JustinBradley’s client, a leading source of mortgage financing, is seeking a highly experienced Site Reliability Engineer (SRE) to design, implement, and maintain secure, scalable, and resilient cloud infrastructure. The ideal candidate brings a deep understanding of cloud platforms, DevOps practices, and software development methodologies to ensure operational excellence, high availability, and system reliability.
Responsibilities:
- Cloud Infrastructure Management: Design, build, and maintain secure, scalable, and resilient cloud-based infrastructure on AWS, Azure, or GCP, with a strong focus on AWS (ECS, Lambda, RDS) for production environments.
- Automation and Optimization: Automate deployments and configurations using Infrastructure-as-Code tools like Terraform, CloudFormation, and Ansible, while driving automation for anomaly detection, self-healing systems, and recovery workflows to reduce operational toil and optimize cloud costs.
- CI/CD Pipeline Development: Develop and manage CI/CD pipelines using tools such as Jenkins, GitLab, SonarQube, Docker, and Nexus/Artifactory to streamline deployment processes.
- DevSecOps Implementation: Implement DevSecOps best practices, including IAM roles, RBAC, SAST/DAST/SCA tooling, and vulnerability remediation, ensuring secure cloud operations.
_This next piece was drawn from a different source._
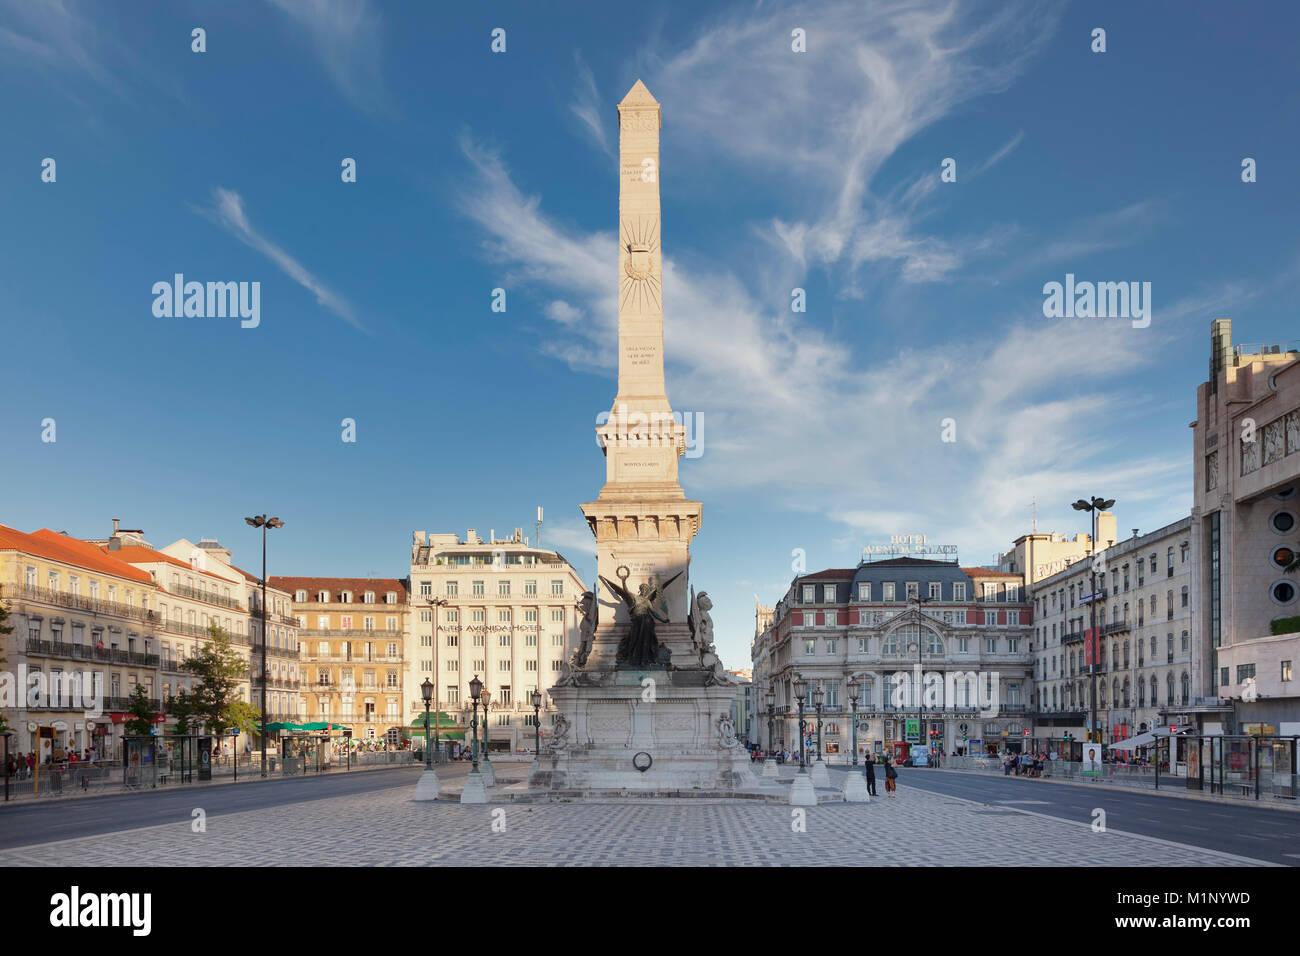 Praca dos Restauradores, Obelisk, Avenida da Liberdade, Lisbon, Portugal, Europe - Stock Image

- Observability & Monitoring: Build observability solutions with monitoring, logging, and tracing tools like AWS CloudWatch, Splunk, Dynatrace, and OpenTelemetry to ensure the reliability and performance of cloud applications.
- Reliability Metrics: Define and track reliability metrics such as SLOs, SLIs, error budgets, MTTR, and MTTD to ensure operational excellence and system uptime.
- Microservices & Serverless Architecture: Architect and support microservices, serverless applications, and RESTful APIs with resilience patterns like Circuit Breaker, Retry, and Timeout.
- Chaos Engineering: Conduct chaos engineering experiments using AWS FIS, Chaos Toolkit, and AWS Resilience Hub to improve system resilience and reliability under failure conditions.
- Database Management: Manage and optimize various databases including PostgreSQL, MongoDB, DynamoDB, Oracle, and Redshift, ensuring high availability and performance.
- Incident Management & Support: Lead production support efforts, including incident response, problem management, and runbook creation as part of on-call rotations, ensuring swift resolution of critical production issues.
- Cross-Functional Collaboration: Collaborate closely with cross-functional teams to embed shift-left testing strategies (e.g., BDD, TDD, unit testing, regression testing) into the development pipeline.
- Documentation & Knowledge Sharing: Maintain architecture documentation, disaster recovery plans, and internal knowledge articles, fostering a culture of knowledge sharing and continuous improvement.
Requirements:
- 8+ years of experience in Site Reliability Engineering or a related field, with a proven track record of leading complex projects and ensuring system reliability at scale.
- Expertise in Cloud Platforms (AWS, Azure, or GCP), with hands-on experience in container orchestration, microservices, and serverless architectures.
- Proficiency in scripting/programming languages such as Python, Java, Bash, Node.js, and PowerShell for automation and system integration.
- Extensive experience with DevOps and observability tools (e.g., Jenkins, Docker, Splunk, Dynatrace, OpenTelemetry), ensuring a seamless development and monitoring workflow.
- Deep knowledge of database management, including PostgreSQL, MongoDB, DynamoDB, Oracle, and Redshift, with the ability to optimize for performance and availability.
- Familiarity with event-driven architecture, distributed systems, and integrating AI/ML frameworks and services into the infrastructure.
- Strong understanding of security best practices, compliance frameworks, and experience in incident management.
- Hands-on experience with chaos engineering, resiliency testing, and performance testing (e.g., JMeter, LoadRunner) to ensure systems are fault-tolerant and performant under load.
- Excellent communication and collaboration skills, with experience leading cross-functional teams and influencing stakeholders to implement best practices.
- AWS Solutions Architect or related cloud certification; Agile Certified Practitioner (ACP) is a plus.
- Experience with developer tools such as AWS CLI, Postman, and curl.
- Experience with production support and on-call rotations (flexible hours, typically twice a month).
JustinBradley is an EO employer – Veterans/Disabled and other protected employees.